Thank you everyone for your input...it's so interesting to read the various opinions. You've made a de-giller outta me


----------



## Mad Cook

mollyanne said:


> I wanted to know how to marinate Portabella mushrooms and one recipe said we should take a spoon and scrape out the "gills" of the mushroom before marinating them. Why? Is it for health reasons? For appearance? For taste? I've been doing it ever since and I don't notice any difference in taste personally. Do you do it?


Perhaps the mushrooms were going to be stuffed and removing the gills makes more room? I've never come across this instruction.

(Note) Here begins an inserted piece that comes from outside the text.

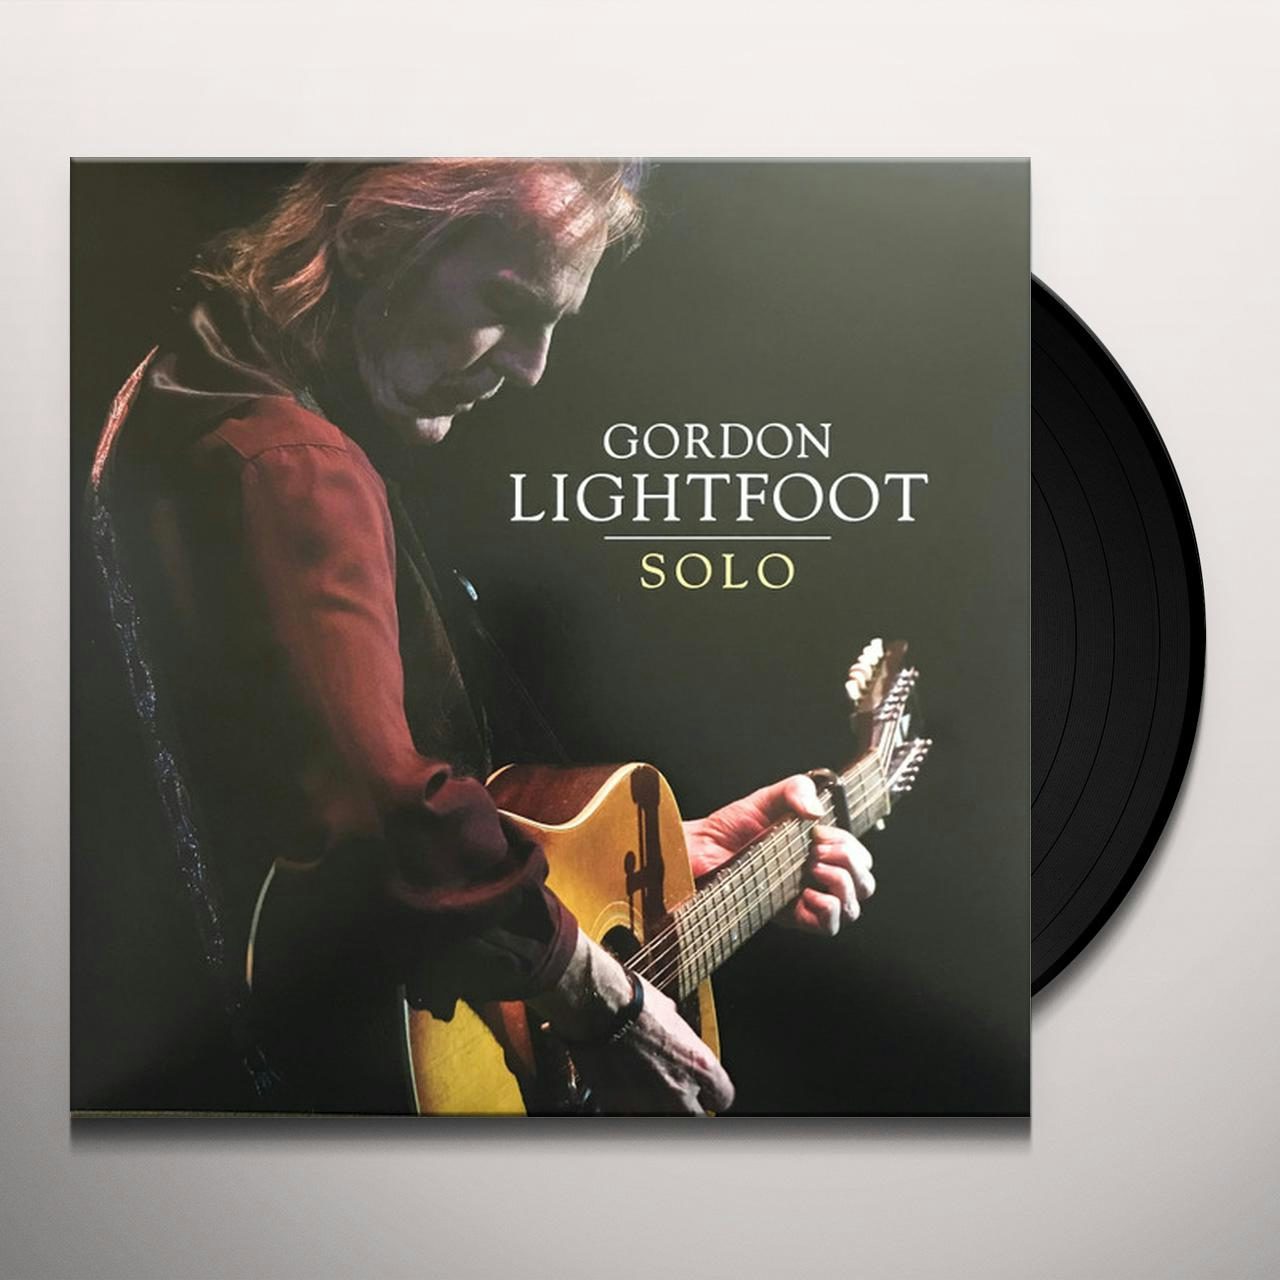 Gordon Lightfoot AN INTRODUCTION TO CD
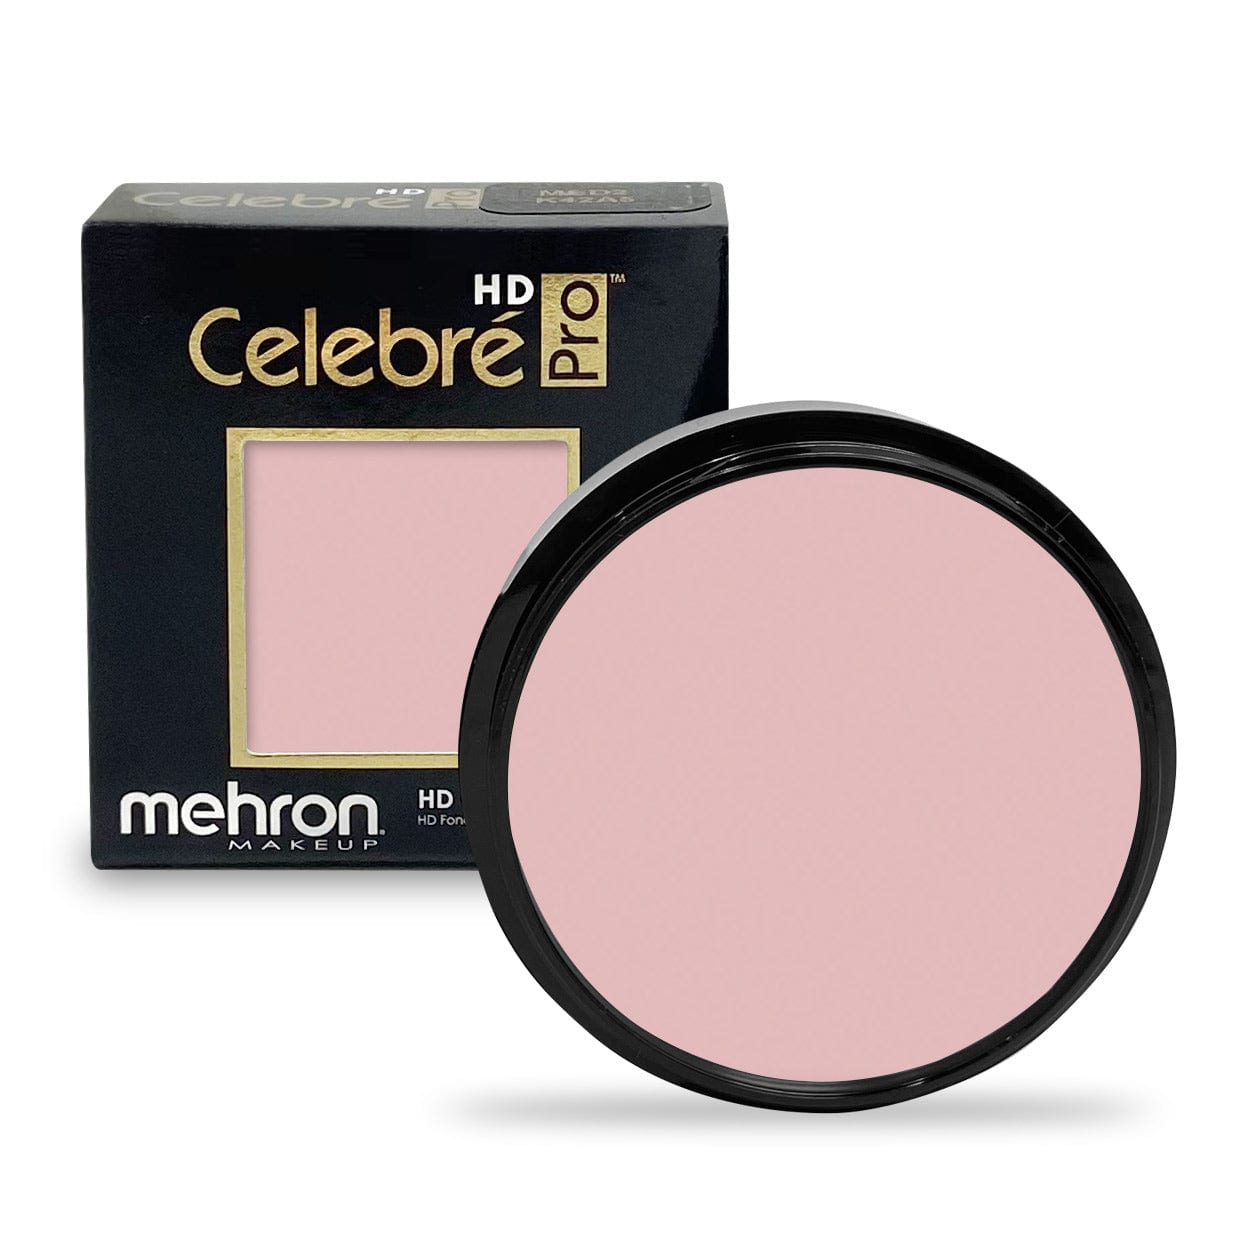 Mehron Celebre Pro HD-Cream 25g - 2B Extra Fair - Mehron

It's funny, Portobello mushrooms are only grown-up buttons and it only takes a day or so longer to turn them into Portobellos yet they cost much more (where I live anyway). It's not so long ago the they were thought of as inferior and sold off cheap (and sometimes called "horse" mushrooms. Nothing to do with the animal, it's just an old word for 
b-i-g.) It's surprising what a few cookery programmes on television can do.


----------



## pacanis

CWS4322 said:


> I remove the gills so that I can stuff the caps or use them instead of buns when making burgers. I add the gills to the bag in the freezer for when I'm making stock. I've never noticed a muddy flavor...I'll have to pay more attention next time I make a stock where I've added the gills.


 
You use marinated Portobello's for this? 
It never occurred to me to marinate them before stuffing. I like the full flavor of the shroom to compliment the stuffing.

I gill 'em anytime I use them. The gills don't really add anything, so I scrape them out with a spoon.


----------